◆ **What this task involves**:
The copy you return must begin at the line containing "neuralcam night mode camera" and end at the final line of the listing below, with every picture left out.

◆ **The data**:

_____

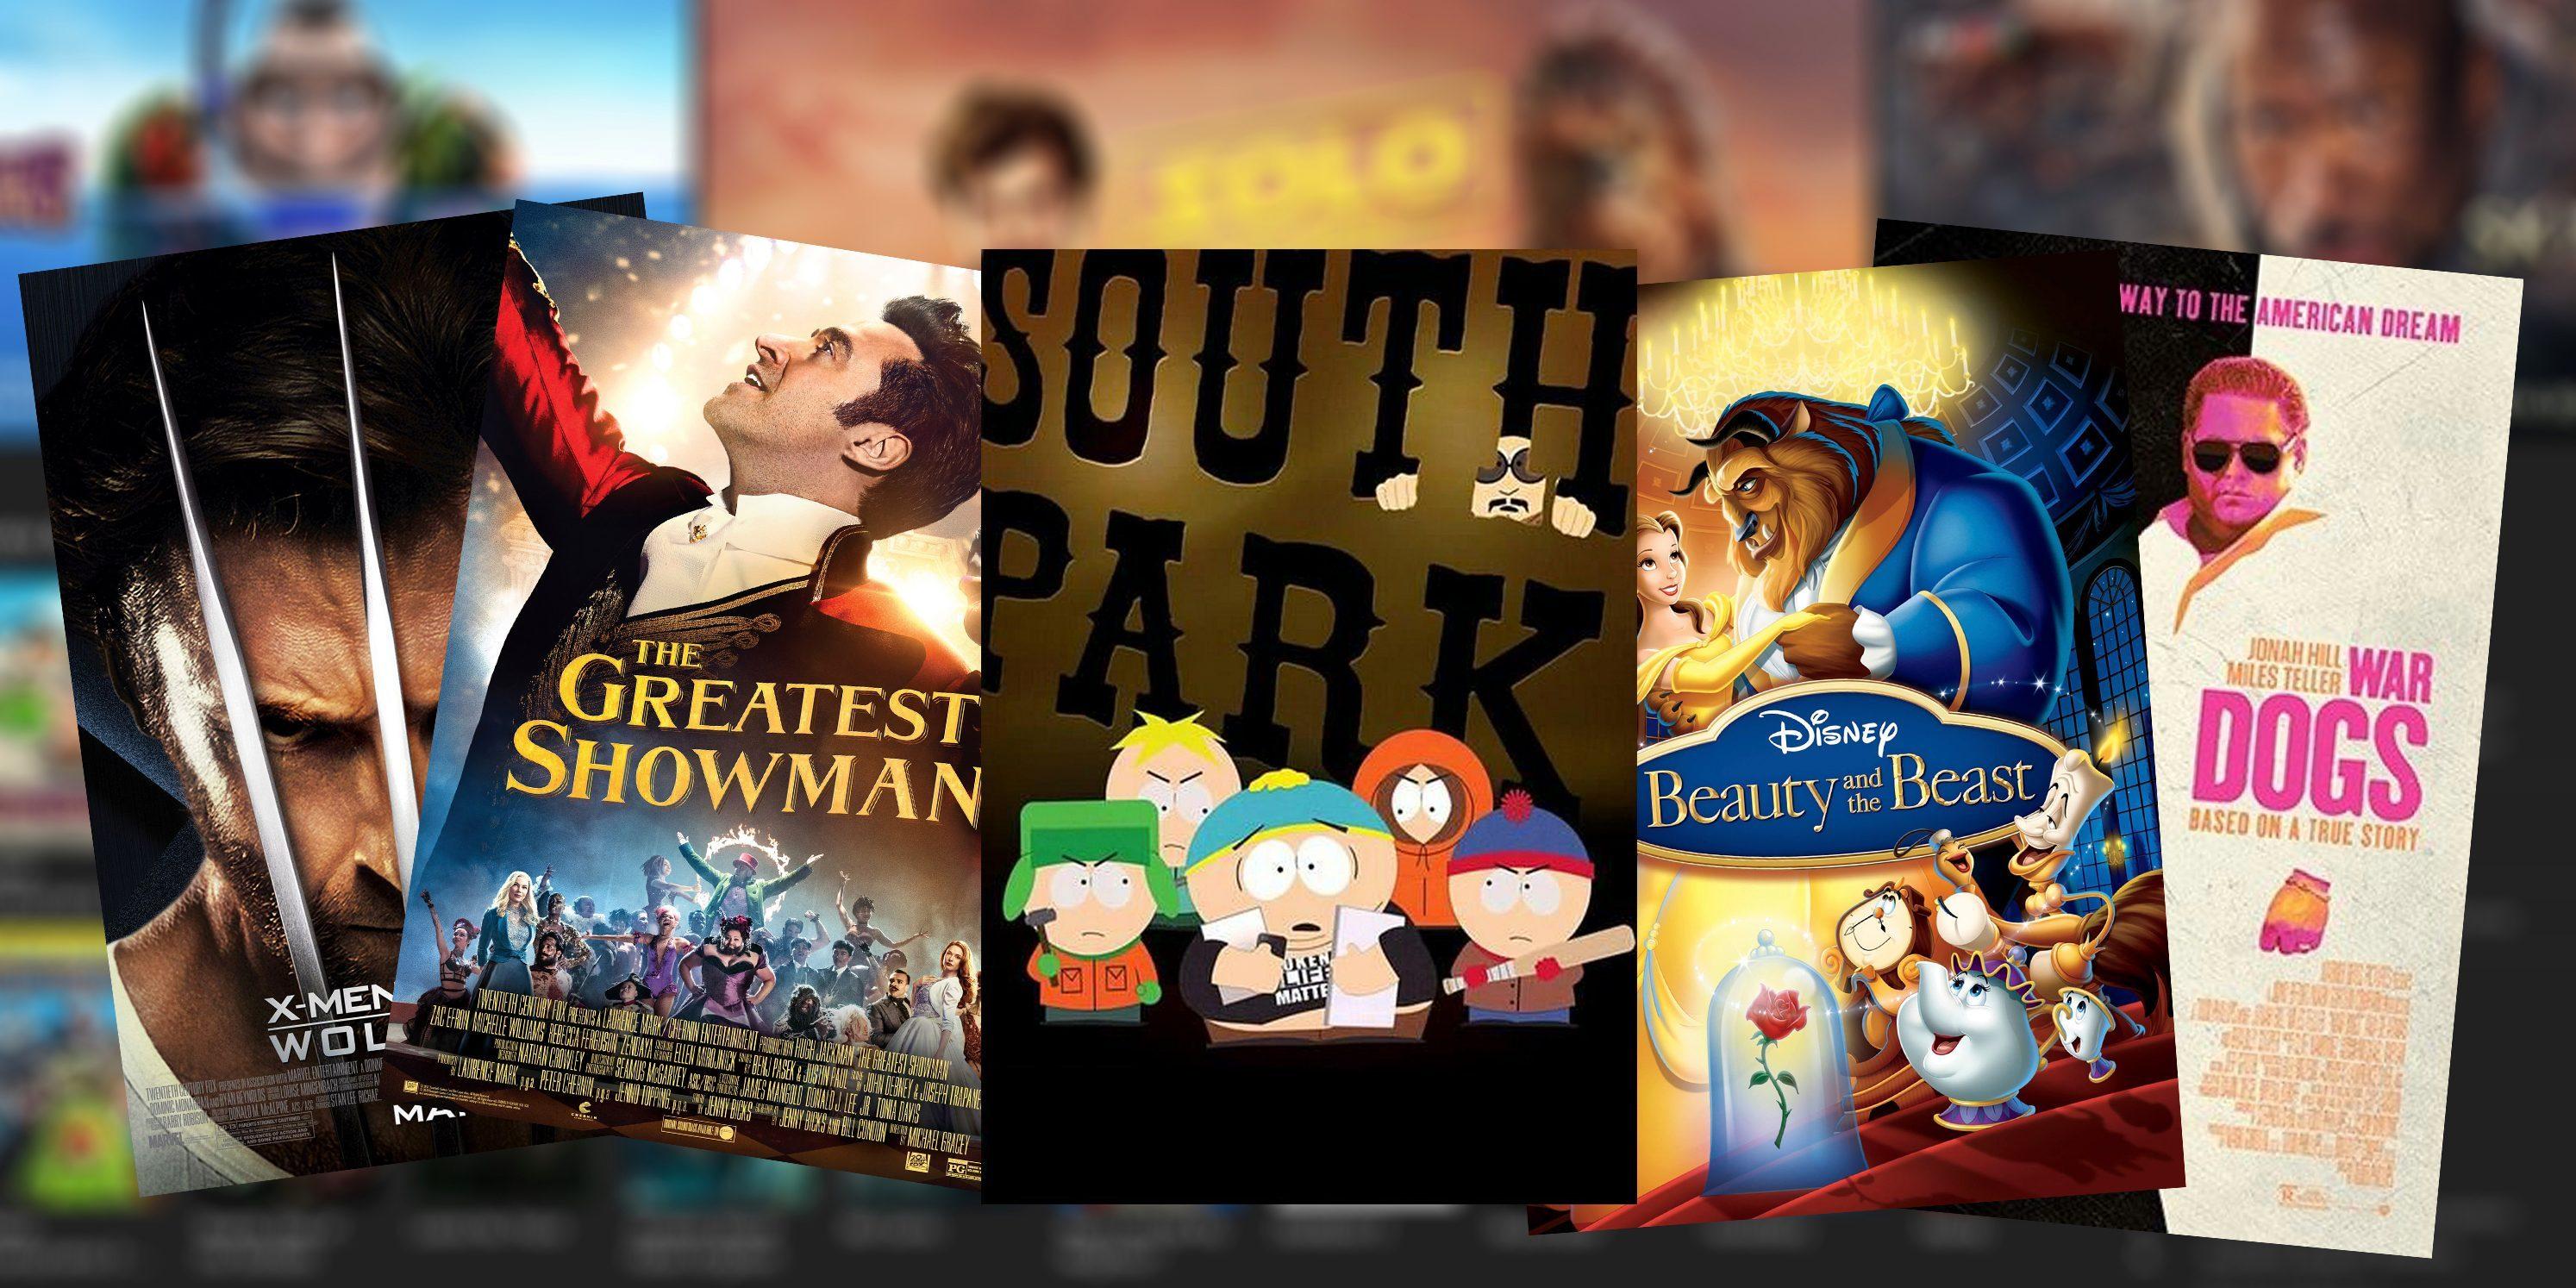 This week's best iTunes deals: 9 X-Men Films $50, South Park Seasons $10, $1 rental, more
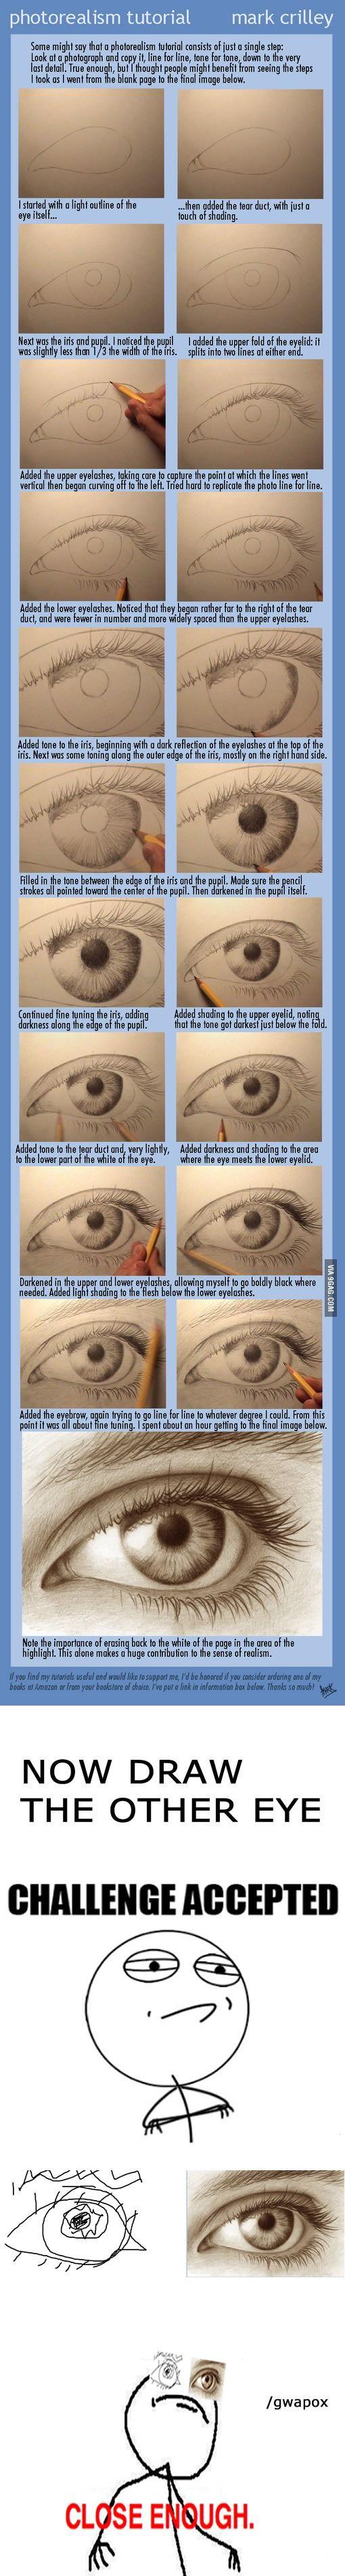 Drawing eyes step by step
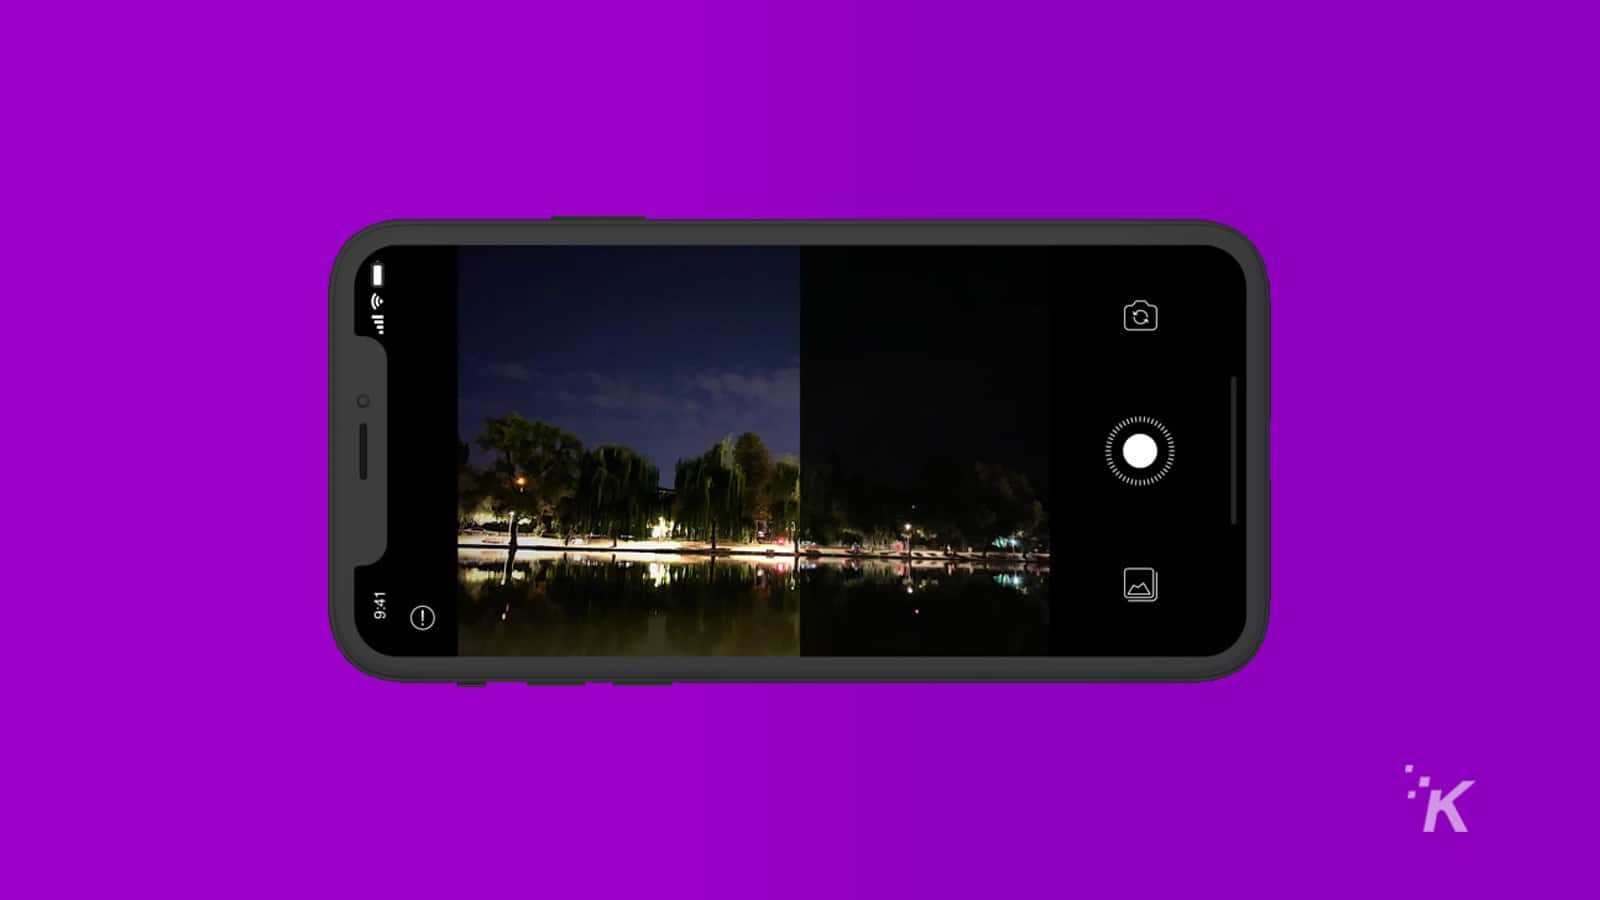 neuralcam night mode camera
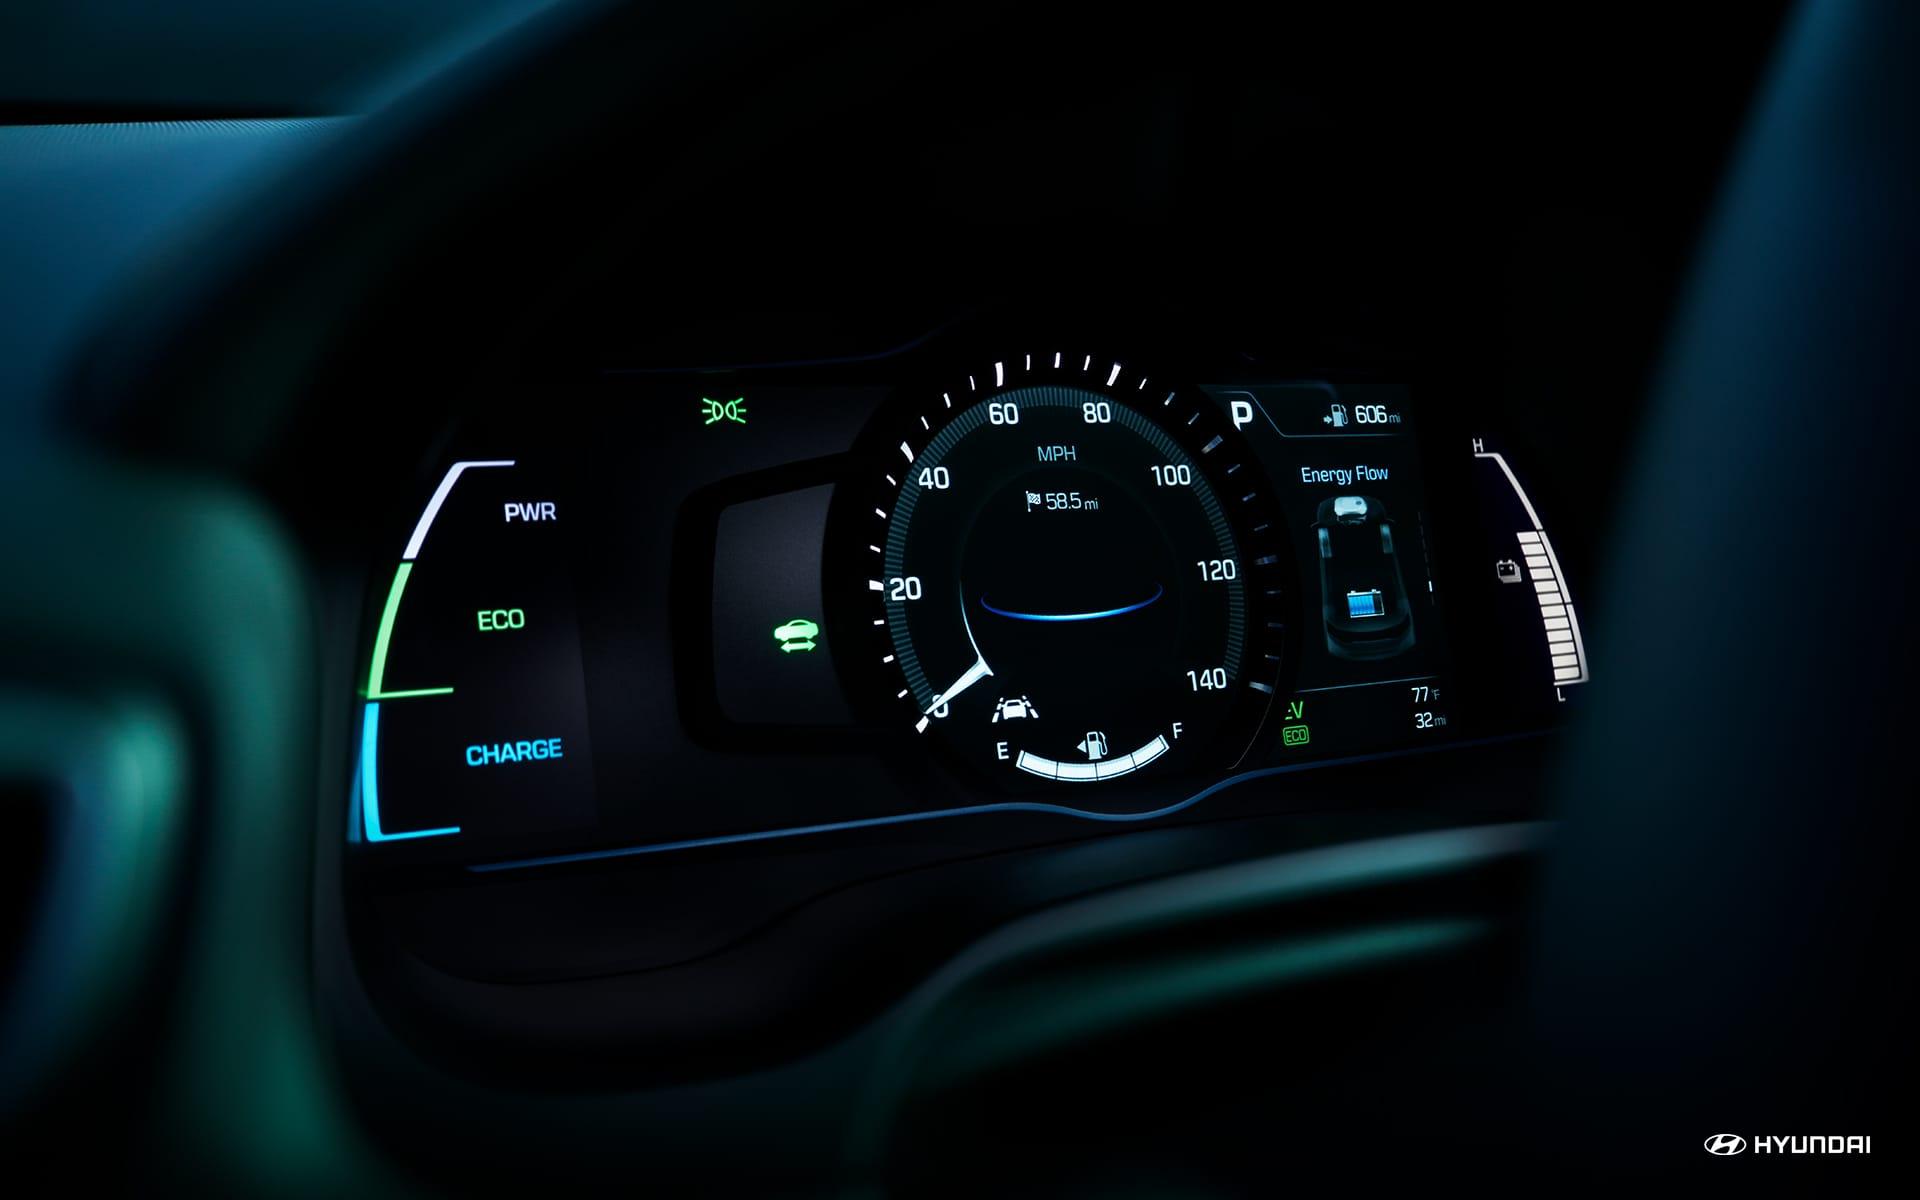 Instrument Cluster in the Hyundai Ioniq Hybrid

_____

◆ **Exercise output**:
 neuralcam night mode camera
 Instrument Cluster in the Hyundai Ioniq Hybrid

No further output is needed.